• Fri. Apr 19th, 2024

An insight into celebrities’ struggles with mental health wellbeing

ByMolly Workman

Nov 25, 2018

As the winter that is the stigma surrounding mental health begins to thaw, individuals positioned in the centre of the public eye are volunteering accounts of their own internalised struggles in solidarity with mental health sufferers. Lady Gaga, Ryan Reynolds and Dwayne Johnson are just a few of the many influential celebrities at the forefront of the battle against suffering in silence.

Lady Gaga, whose real name is Stefani Germanotta, is renowned for her promotion of an inclusive discourse about mental illness, famously vocalising her own struggles with PTSD following sexual assault. Her candid speeches are as raw as they are genuine, conveying an earnest desire to aid the recovery of fellow survivors. In a speech for the SAG-AFTRA Foundation, after accepting the award for kindness, she implored that “we need to share our stories so that global mental health no longer resides and festers in darkness.”

In an interview with Mr. Porter’s Journal, Ryan Reynolds described his struggle with anxiety as a life-long battle. His acknowledgment that “everyone carries their own bag of rocks around”. with his personal burden stemming from a difficult childhood relationship with his “tough” late father, is an important sentiment made in solidarity with other people battling inner demons.

Other anxiety sufferers include Selena Gomez, Emma Stone, and Dwayne Johnson. Gomez’s battle with lupus has forced her to undergo chemotherapy and has plagued her with panic attacks and depression, whilst Stone and Johnson have both confessed that at times they have been so incapacitated by the crippling onslaught of anxiety that they were incapable of leaving their homes. Johnson’s popularised epithet, ‘The Rock’, is deceptive in its dehumanisation: he too, like many others, has faced the very human struggles of battling depression following his mother’s attempted suicide, disclosing that at certain points of his life he was “crying constantly.”

Prince Harry, too, has been inexorably affected by tragedy. When he was just twelve, news broke that his mother, Princess Diana, had been killed in a car crash.
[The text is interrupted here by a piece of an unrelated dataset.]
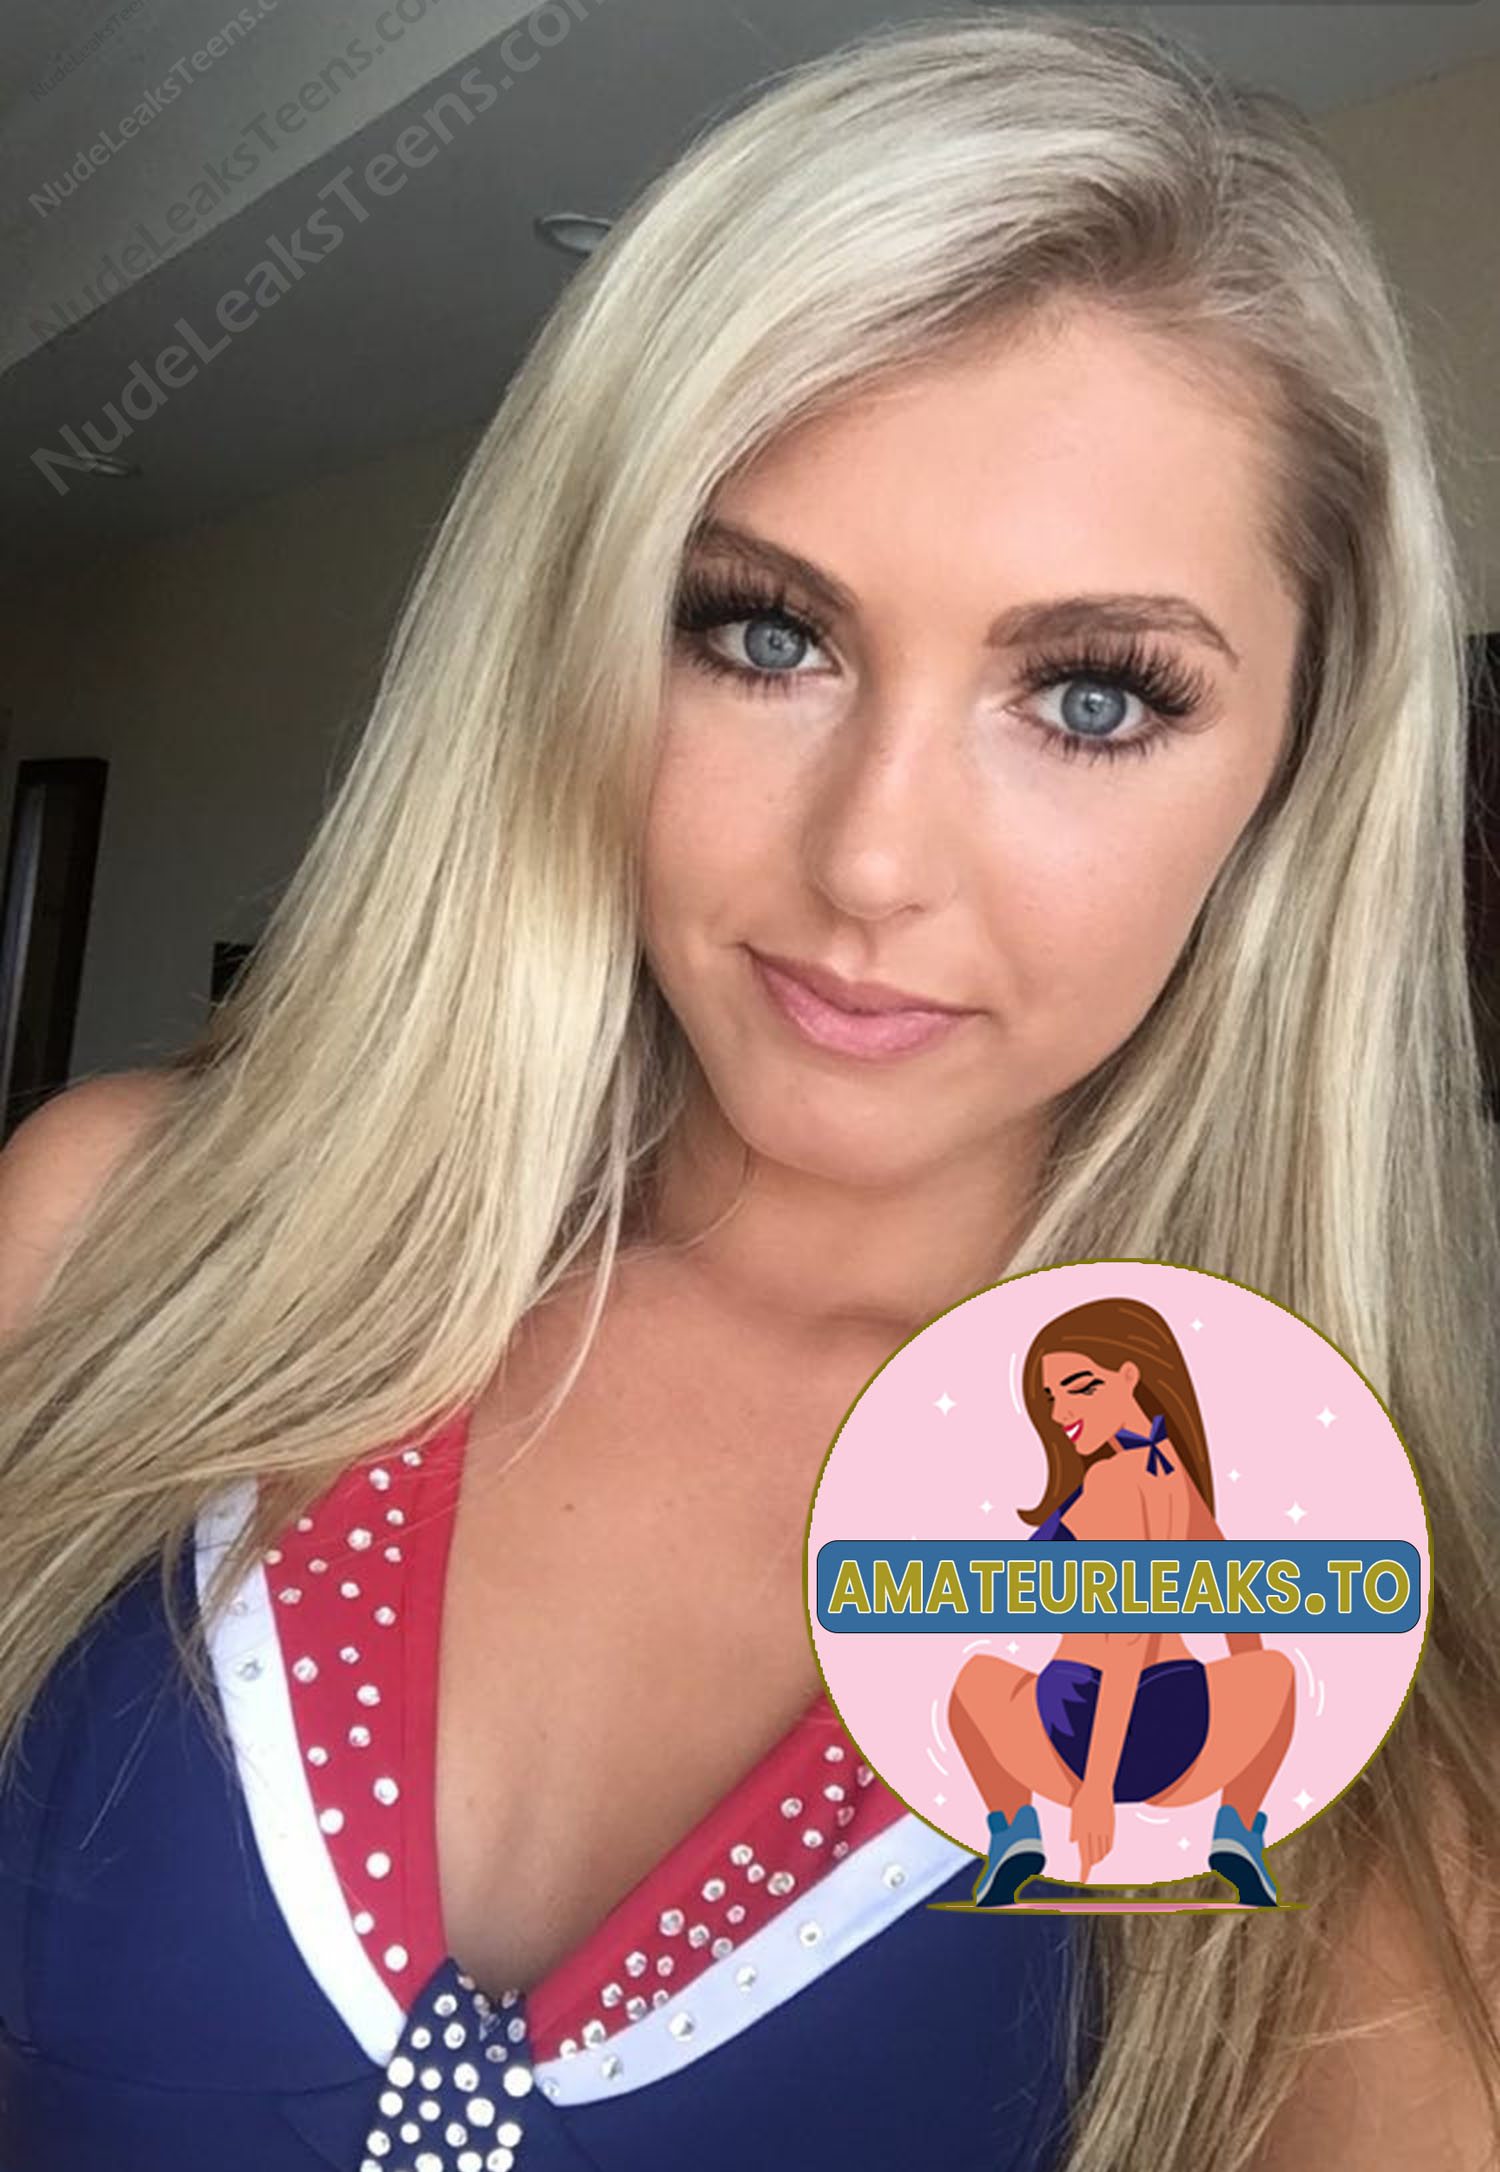 Bailey Medeiros – Pretty Hot Blonde Girl Selfie Nudes Nudeleaksteens Leaks

Her death was mourned globally, but for Harry, the task of facing the reality of her passing was a tribulation too monstrous to bear; he claims that he neglected to address his grief for two decades, choosing rather to avoid “thinking about [it].” He admits that the collaborative effect of bearing bereavement and living under the public eye’s incessant scrutiny has left him “very close to complete breakdown on numerous occasions.” Harry and the other celebrities are amongst the 450 million worldwide who suffer from mental illness.

Through publicising their struggles, celebrities can raise awareness for the cause and augment acceptance through normalisation. The opening of this invaluable channel of communication has afforded victims silenced by their internalised suffering the opportunity to regain their voices.